Perhaps, the high proportion of ischaemic OMCNP in this study is related to the high prevalence (30%) of diabetes mellitus in Saudi Arabia, which is the single most important risk factor for OMCNP [10]. It is worth highlight that poor glycaemic control is a striking feature in high number of patients with ischaemic OMCNP in this cohort.

None of the patient in this study was diagnosed with giant cell arteritis [11]. Unlike higher incidence of vertical diplopia or orbital pulley disorders reported by Kawai et al., these findings were not noticed in this cohort [12]. Similar to the previous reports involving Caucasian and Chinese ethnicities, OMCNP was more common among males in Arabic population [13].

Among patients with OMCNP, the abducens nerve tends to be affected most commonly [2, 14]. The reason for this observation remains poorly understood. The area and number of myelinated nerve fibres perfused by one endoneurial microvessel are nerve specific; perhaps the relatively lower vascular density of abducens nerve predispose it to microvascular ischaemic damage [15]. However, previous studies have shown no consistency regarding the frequency of ischaemic OMCNP, Table 2 [2, 9, 16,17,18,19]. Similar to the observations of Al Saleh et al. [17] and Choi et al. [20] this cohort of patients showed higher prevalence of oculomotor nerve palsy as compared with that of trochlear nerve palsy. Similar predilection for ocular motor cranial nerves has been described in post-stroke OMCNP [21].

Complete recovery in the majority of patients might suggest demyelination due to nerve ischaemia as the underlying pathogenic mechanism [11]. Early resolution of ischaemic cranial nerve palsy in patients younger than 50 years of age could possibly be related to the milder microvascular changes that resulted in early recovery from ischaemic damage.
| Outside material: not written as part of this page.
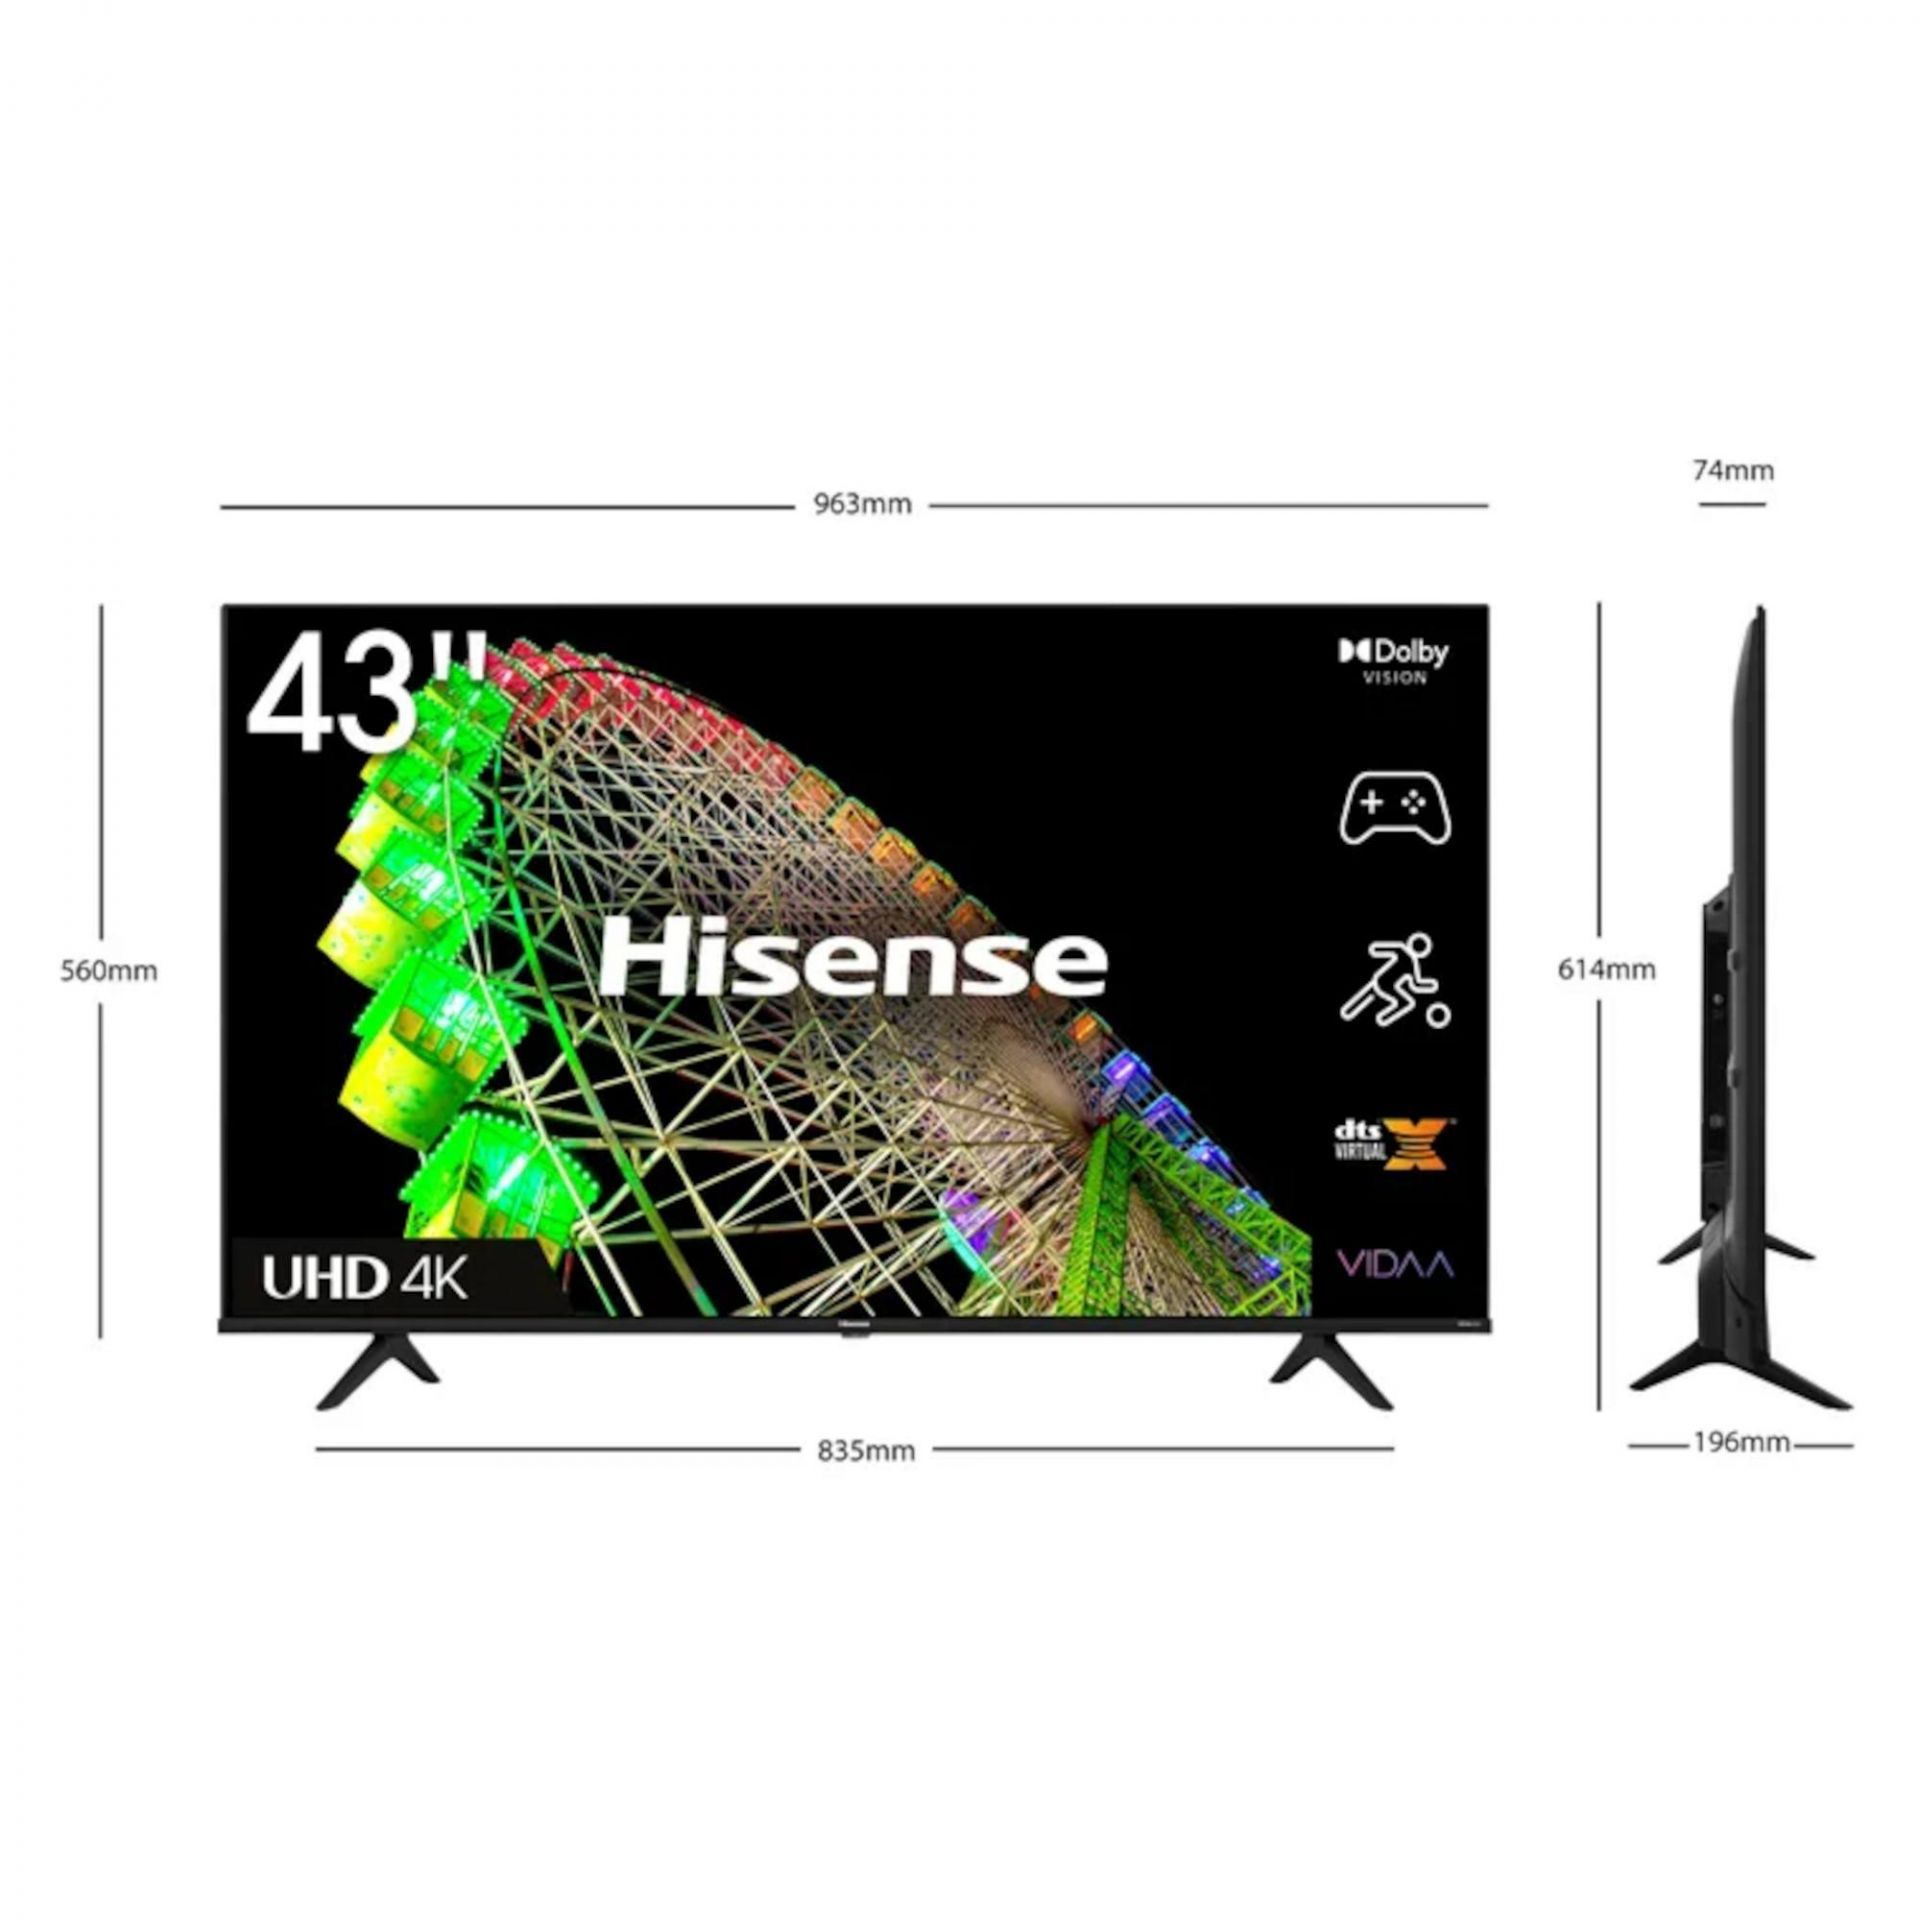 HISENSE 43A6BGTUK 43 INCH DOLBY VISION, 4K ULTRA HD HDR, SMART TV - RRP £429 - Image 4 of 4

Furthermore, there is lower recurrence of ocular motor nerve palsy in my cohort of patients as compared with that reported by Sanders et al. [22]. It is quite possible that lower recurrence of ocular motor nerve palsy as well as no occurrence of stroke is due to an inherent bias in this study as a result of shorter duration of follow up.

Only seven patients were categorized as having AOBD due to ‘undetermined aetiology’, that is much lower than that reported in the literature [7, 16, 23]. Ocular motor nerve palsy was sentinel event leading to the identification of microvascular risk factors in eight patients.
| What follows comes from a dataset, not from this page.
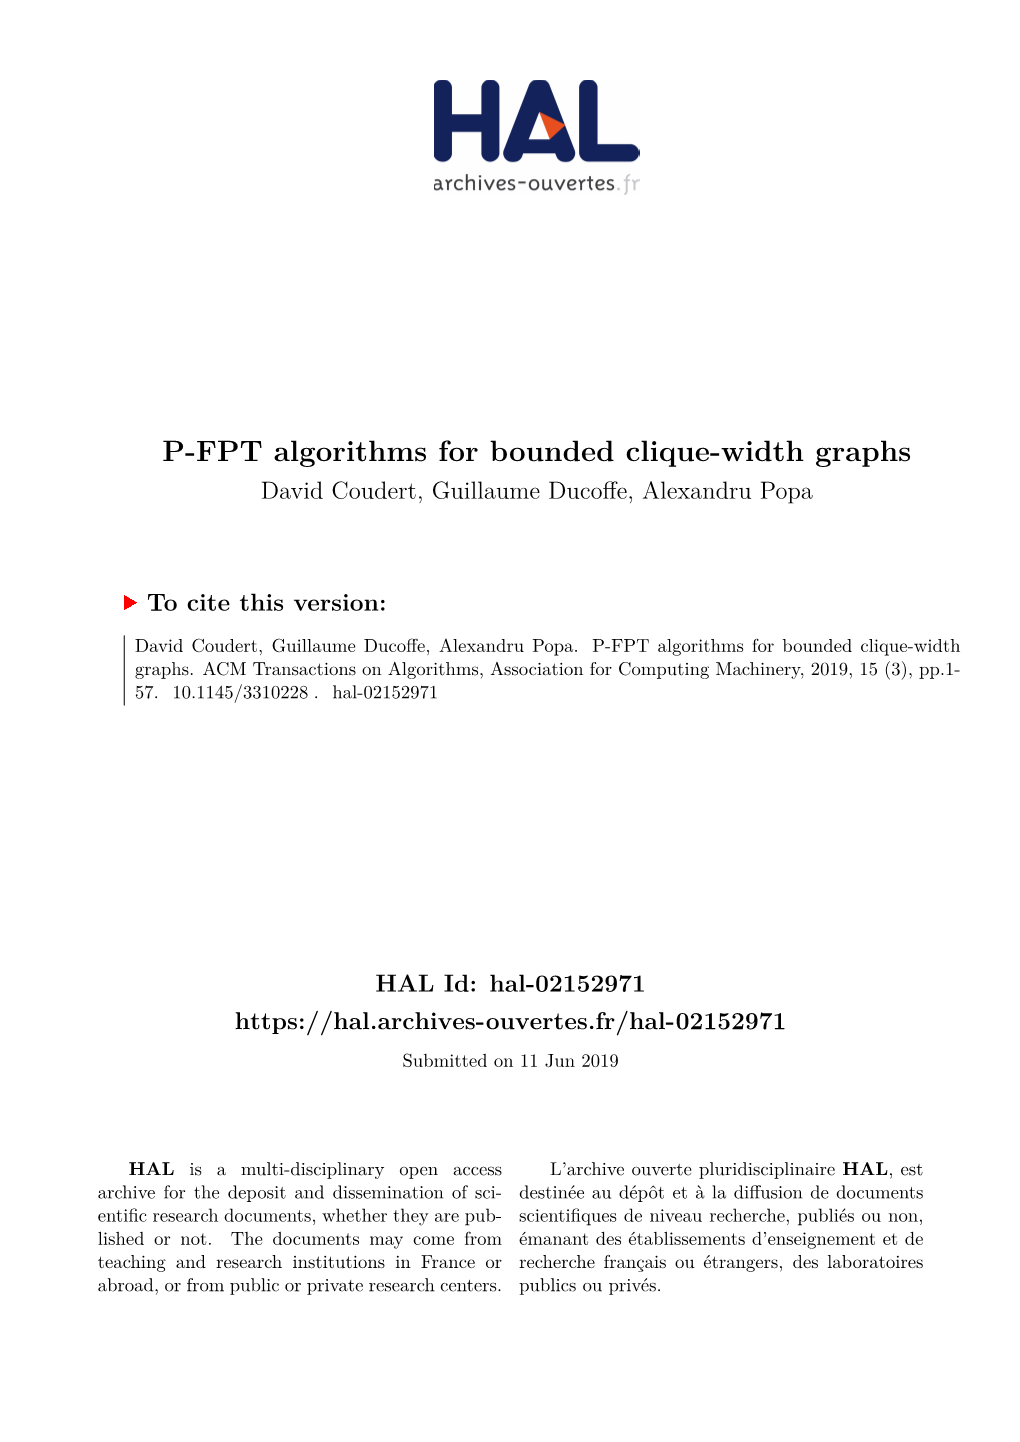 P-FPT Algorithms for Bounded Clique-Width Graphs David Coudert, Guillaume Ducoffe, Alexandru Popa

Routine neuroimaging in patients presenting with acute onset isolated ocular motor cranial palsy continues to be a topic of debate in the literature, especially in the presence of risk factors [11, 14]. In this study, not all the patients aged 50 years and above did undergo neuroimaging. Murchison et al., as in this study, mentioned much lower yield (abnormal findings 1/25 patients) of neuroimaging in this age group [24]. In contrast, the causative lesion was found in 6/10 patients among patients aged less than 50 years of age without any microvascular risk factor.
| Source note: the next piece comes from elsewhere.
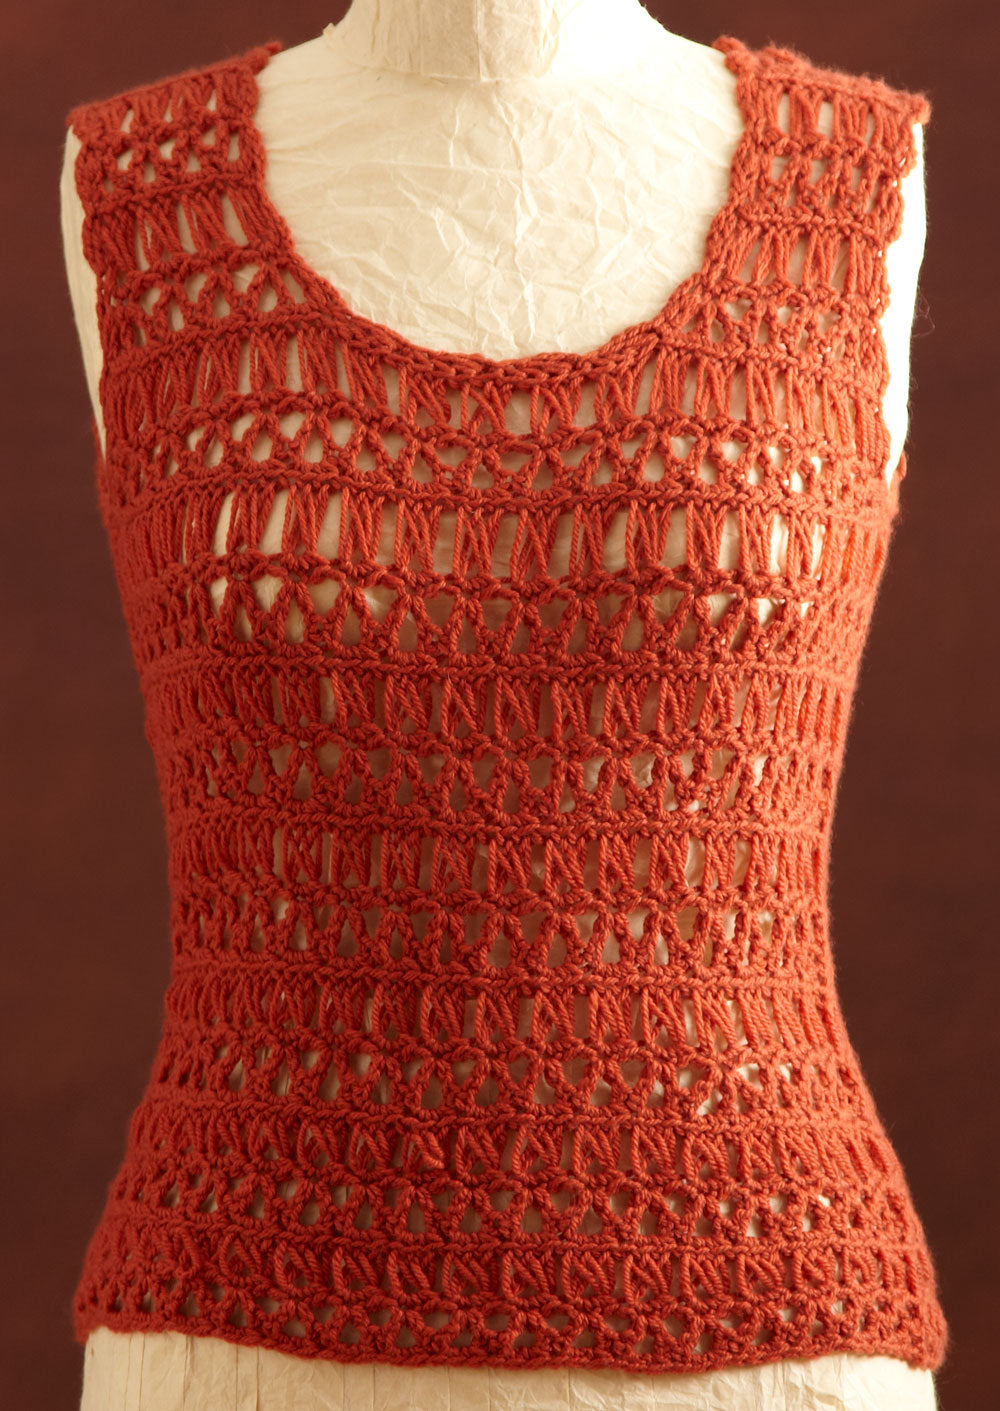 NEW YARN: Bernat Felted Yarn  Broomstick lace, Lace shawl pattern,  Metallic yarn

A very recent study by Choi et al. reported severe headache as a pointer towards causes other than microvascular ischaemia in isolated OMNP [20]. I did not observe any correlation between severity of headache and aetiology in my patient cohort.

Although there was no correlation between OMCNP and diabetic retinopathy, yet the presence of multiple microvascular risk factors (especially the combination of diabetes and hypertension) increased the risk of OMCNP. In this study hyperlipidaemia alone was observed as a possible risk factor for OMCNP.

Although this is a retrospective study from a single institution that limits its interpretation, it is the first to describe, in a large cohort, the details of aetiology and outcomes in patients presenting with AOBD in Middle-Eastern population.

The author concludes that AOBD, though an alarming and distressing condition, carries reassuringly good prognosis in majority of patients. There is a need for multicentre prospective study of AOBD to understand the natural history and treatment outcomes to evolve an evidence based practice.

Summary

What was known before

  • Aetiology of binocular diplopia.

What this study adds

  • Demography, aetiology and outcomes of AOBD.